# [STORED DATA]
Start of Block

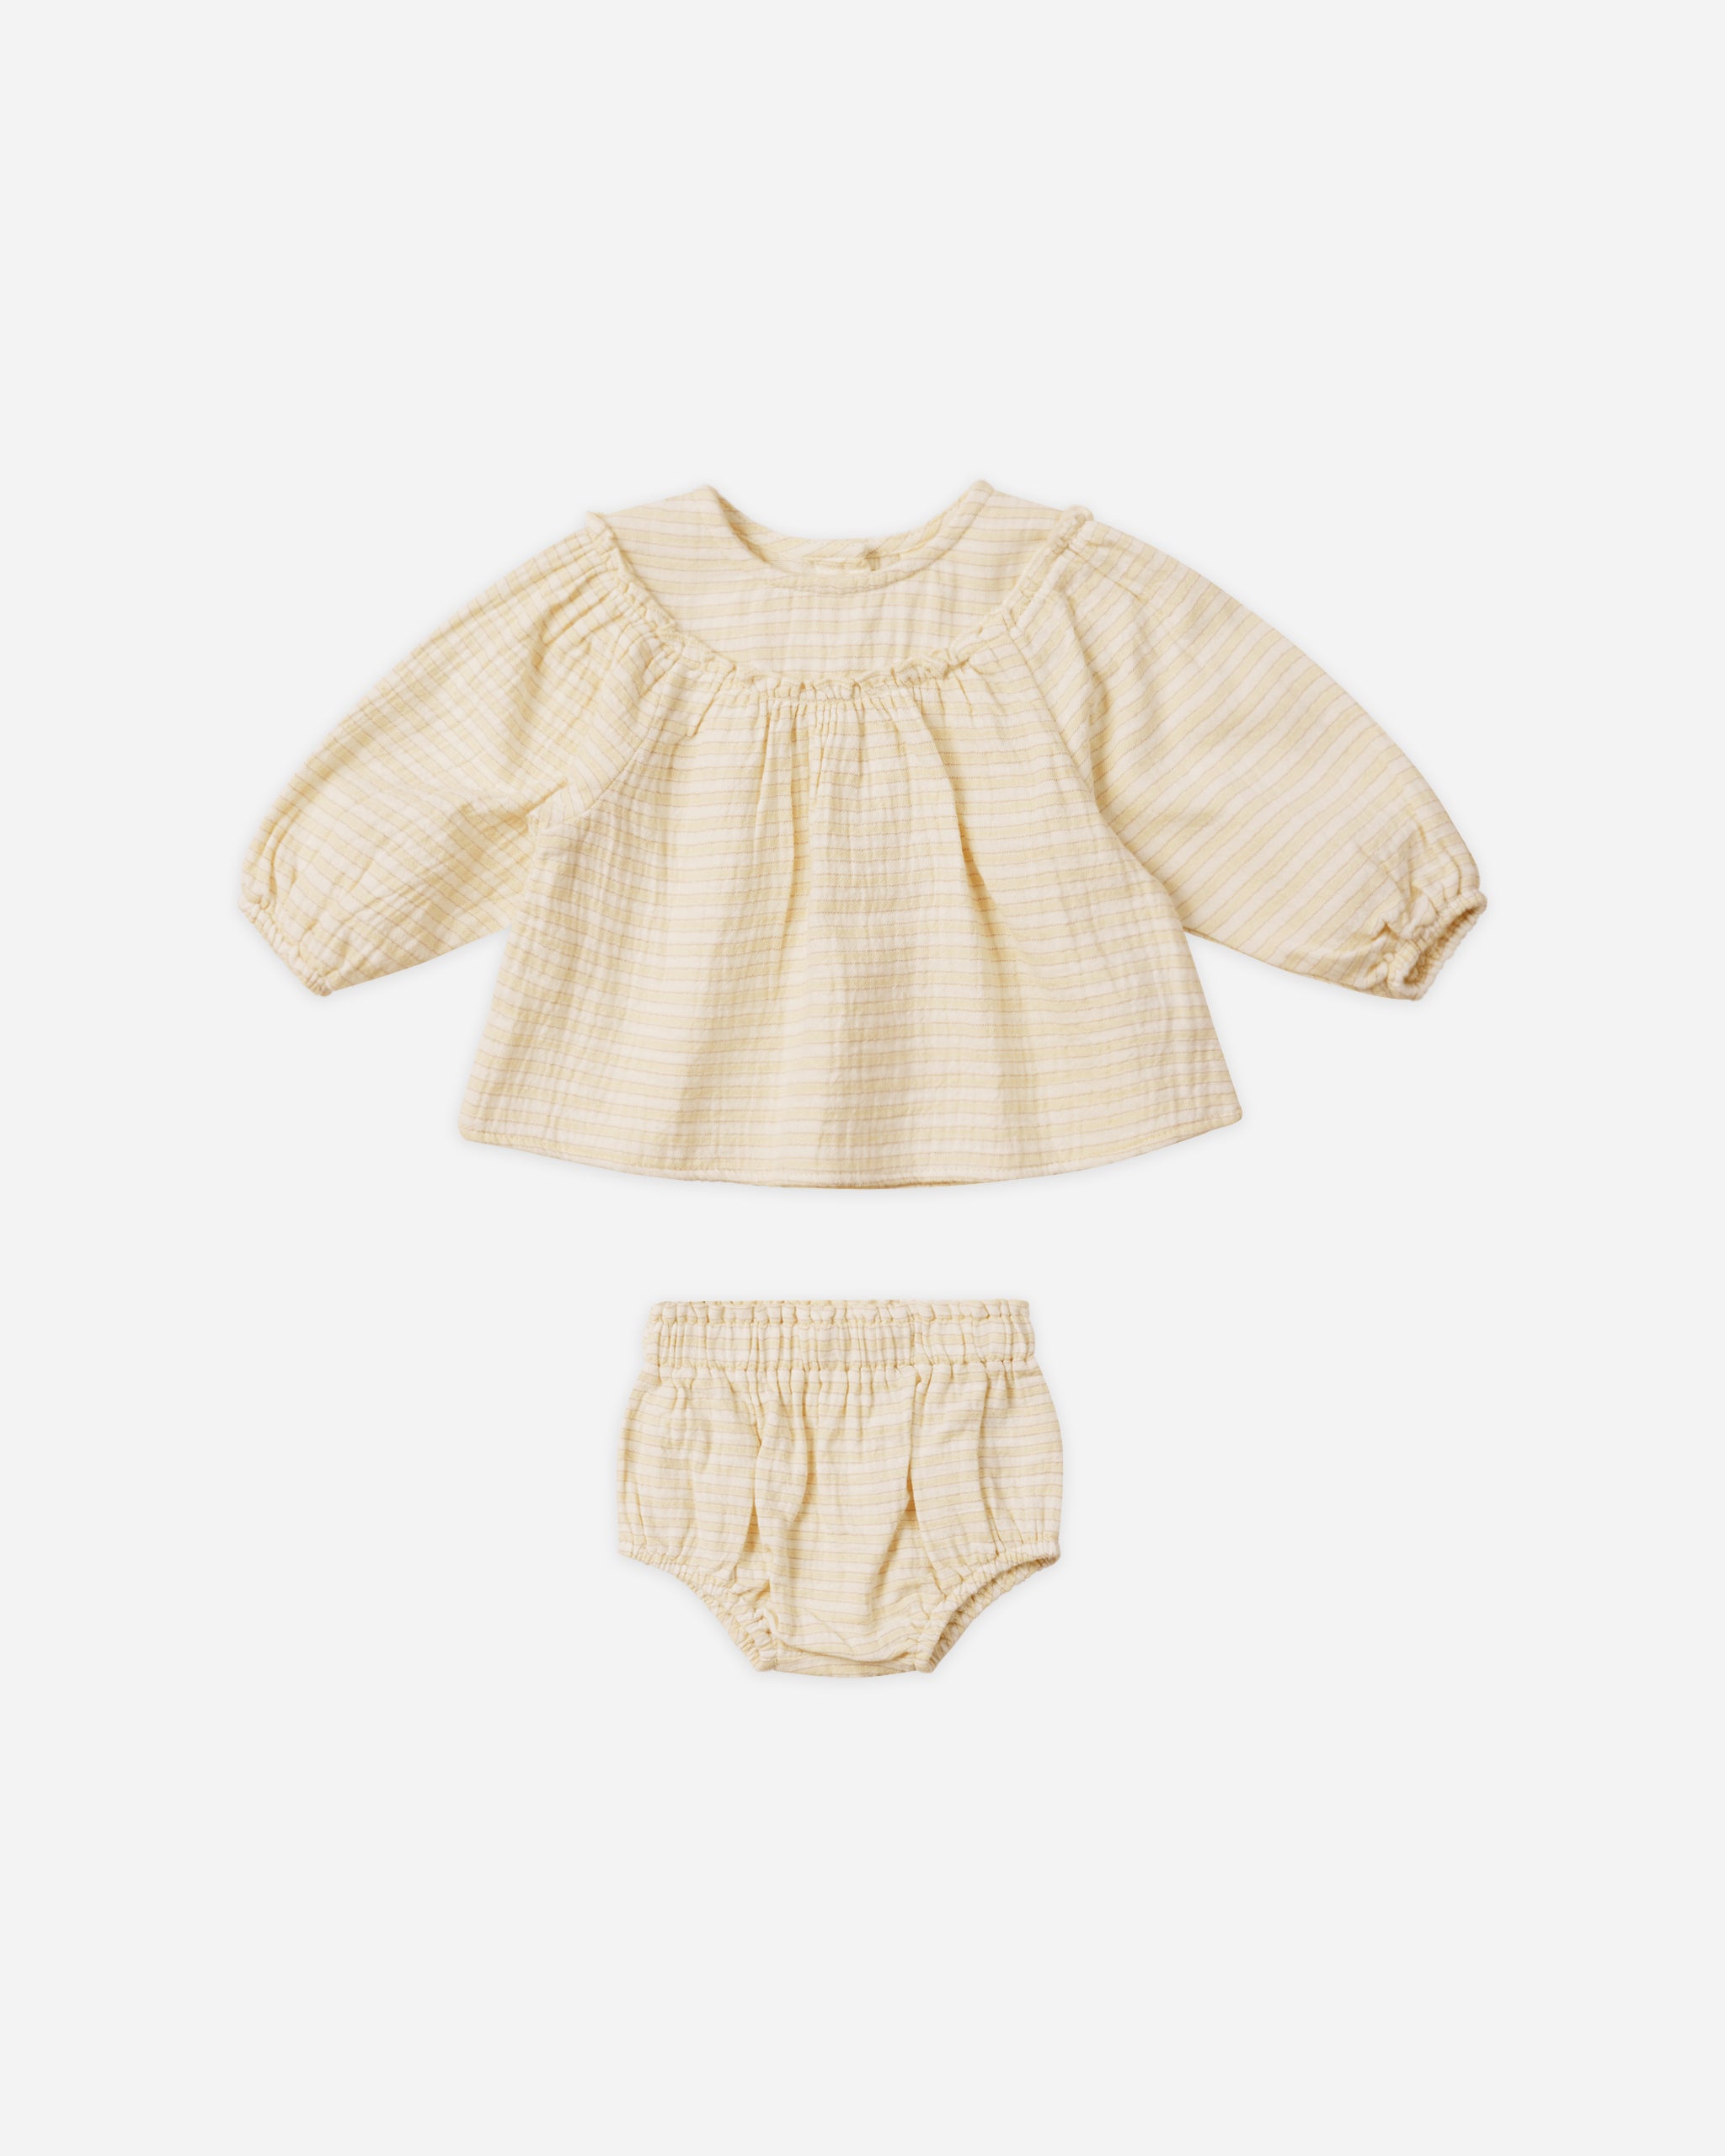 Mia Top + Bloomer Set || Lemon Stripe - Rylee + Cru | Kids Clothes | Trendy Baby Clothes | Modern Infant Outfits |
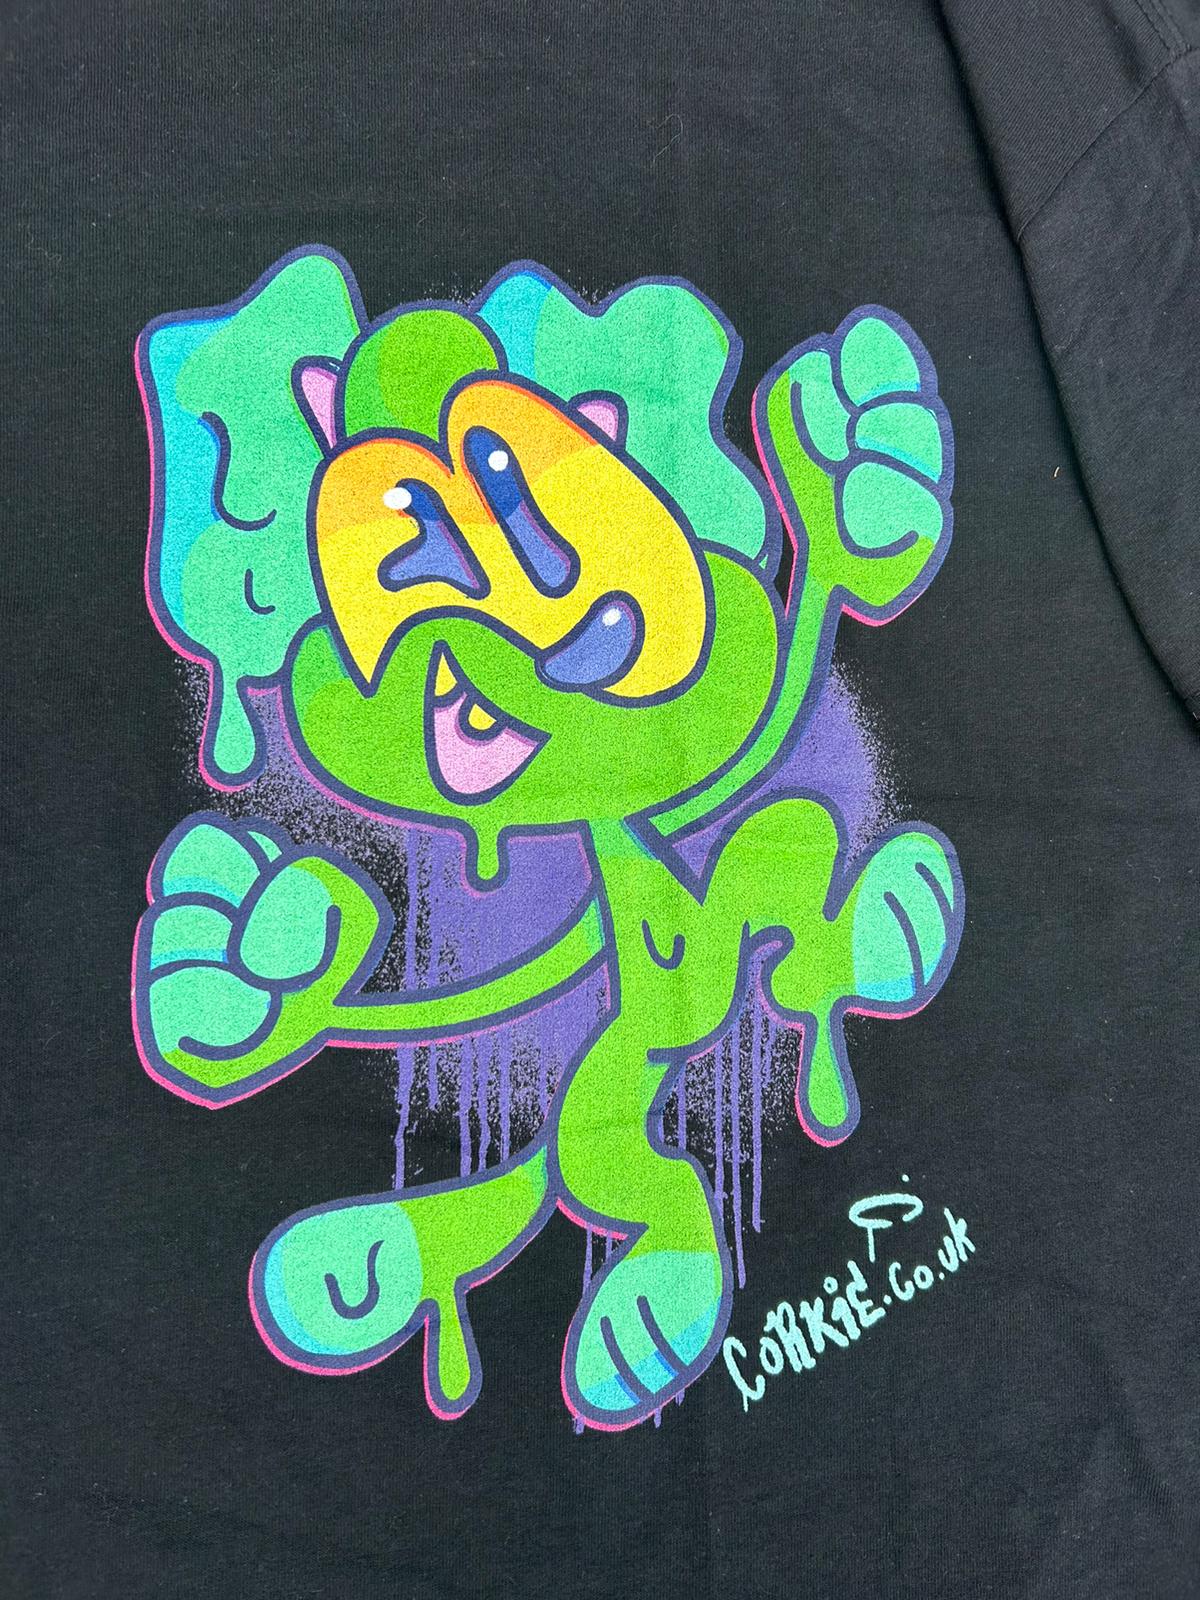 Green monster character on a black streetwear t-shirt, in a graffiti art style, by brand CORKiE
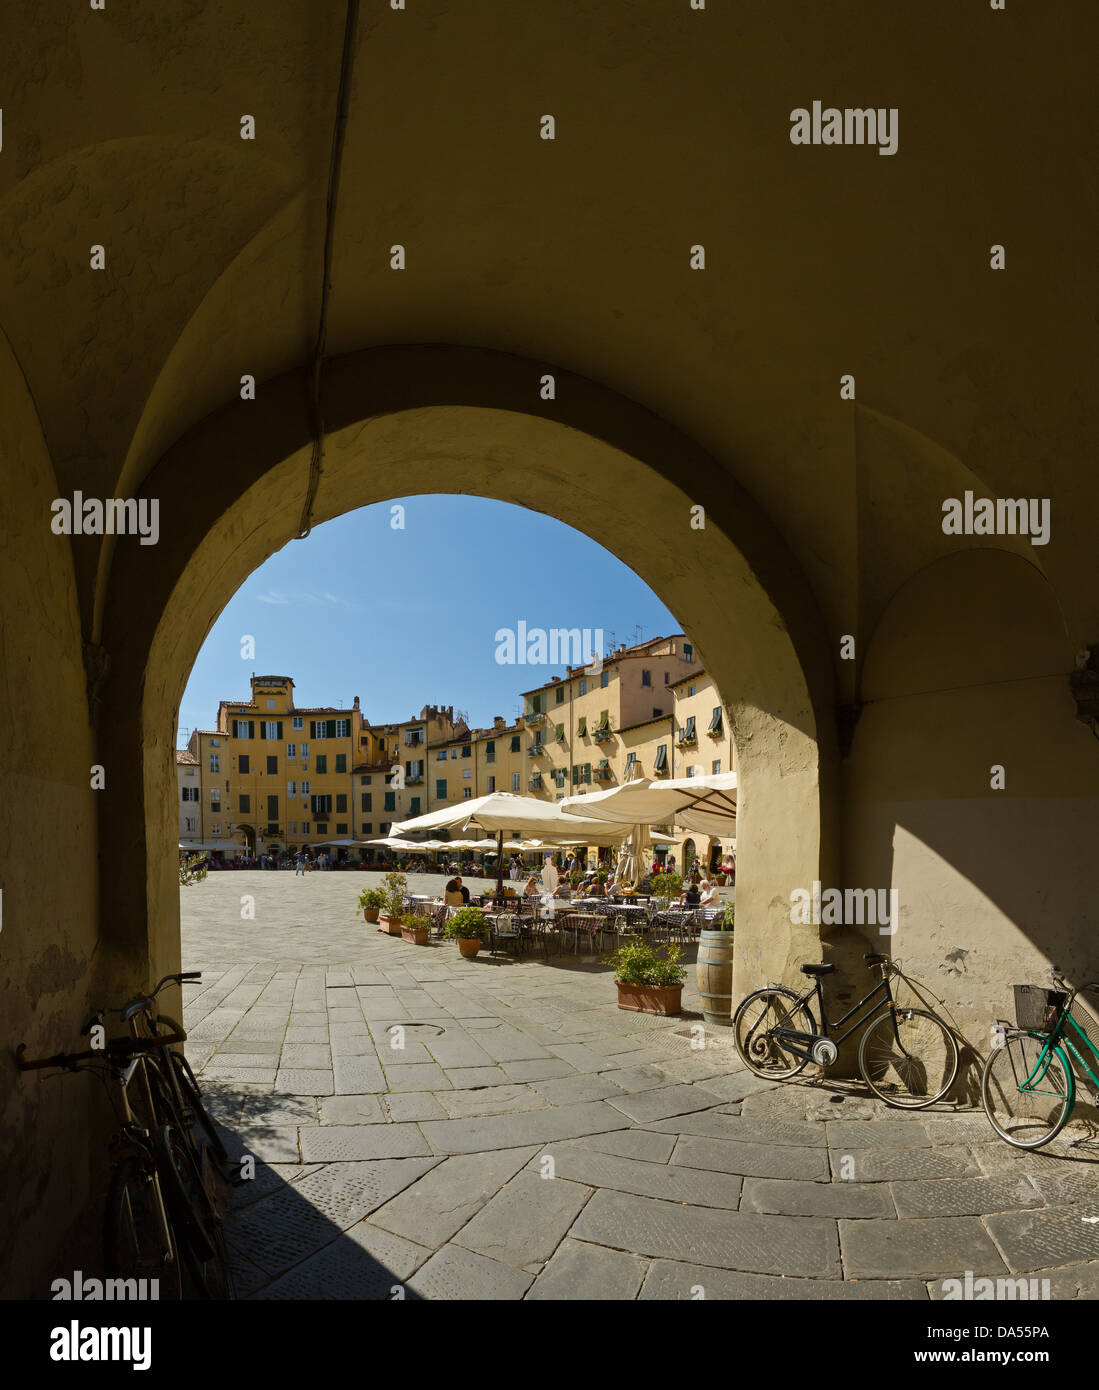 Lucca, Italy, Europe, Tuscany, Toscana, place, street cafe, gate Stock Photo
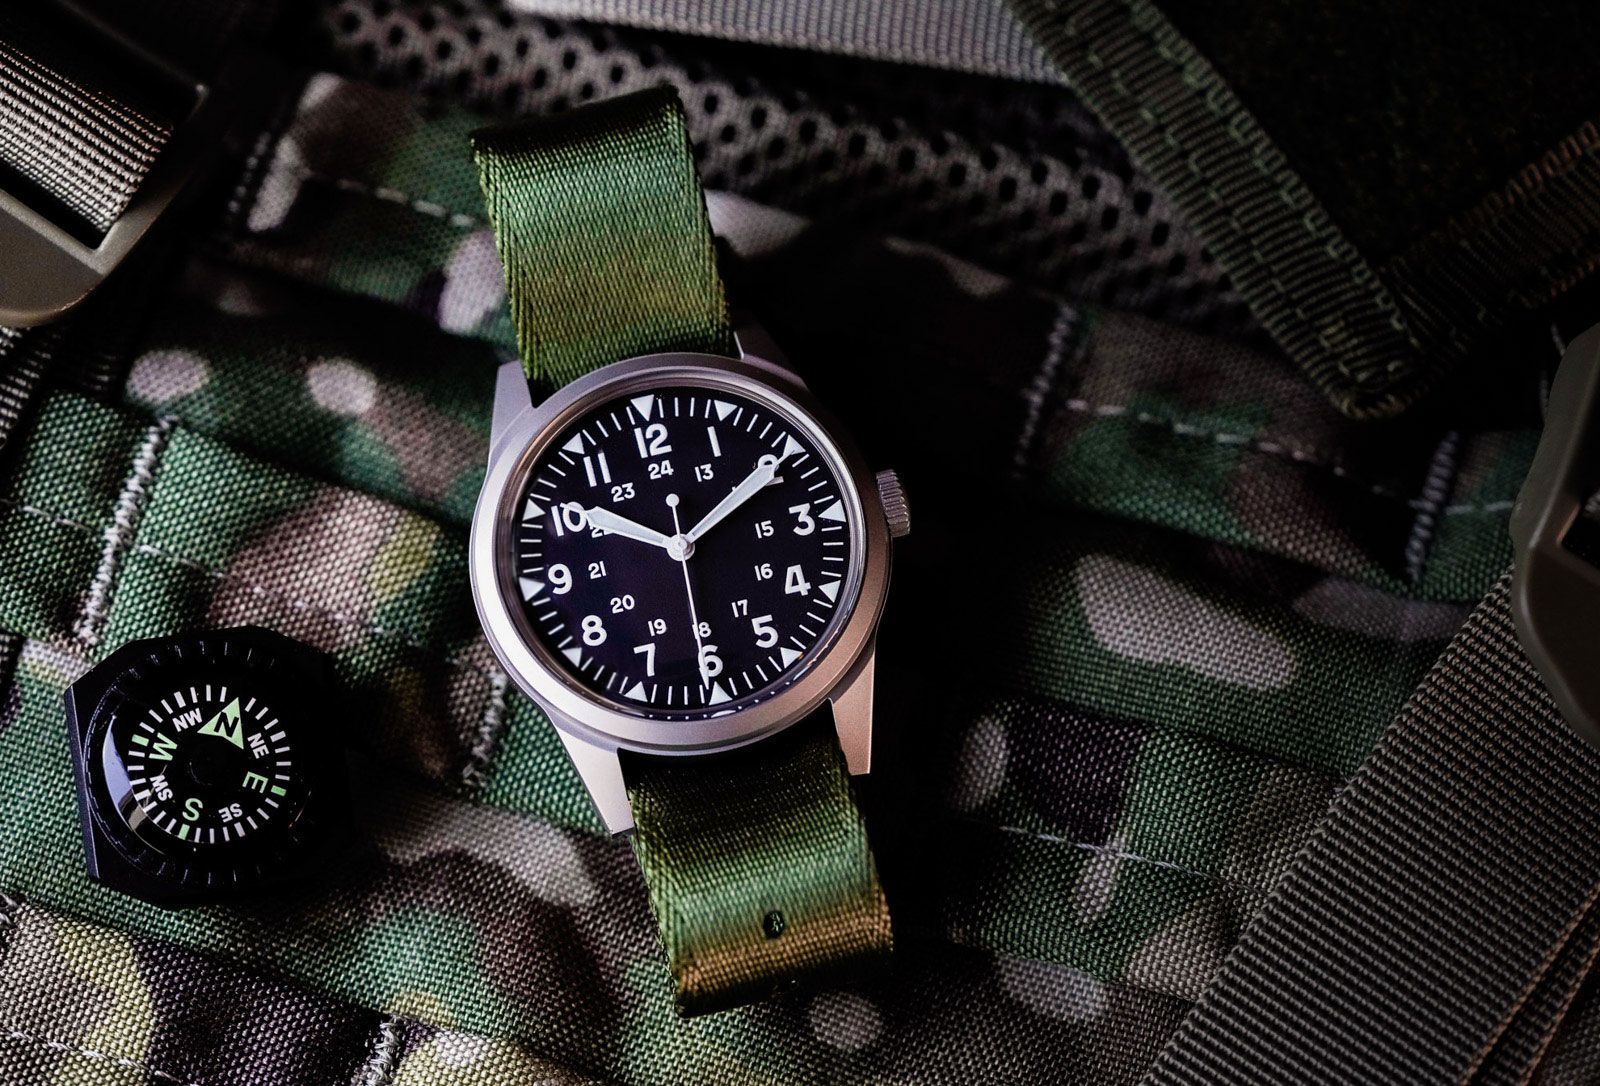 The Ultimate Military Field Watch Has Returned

End of Block

The lines running from the one with "Lucca, Italy, Europe, Tuscany, Toscana, place, street" to the close of the material above are to be retyped exactly; no picture is to be included.

# [TASK RESULT]
 Lucca, Italy, Europe, Tuscany, Toscana, place, street cafe, gate Stock Photo
 The Ultimate Military Field Watch Has Returned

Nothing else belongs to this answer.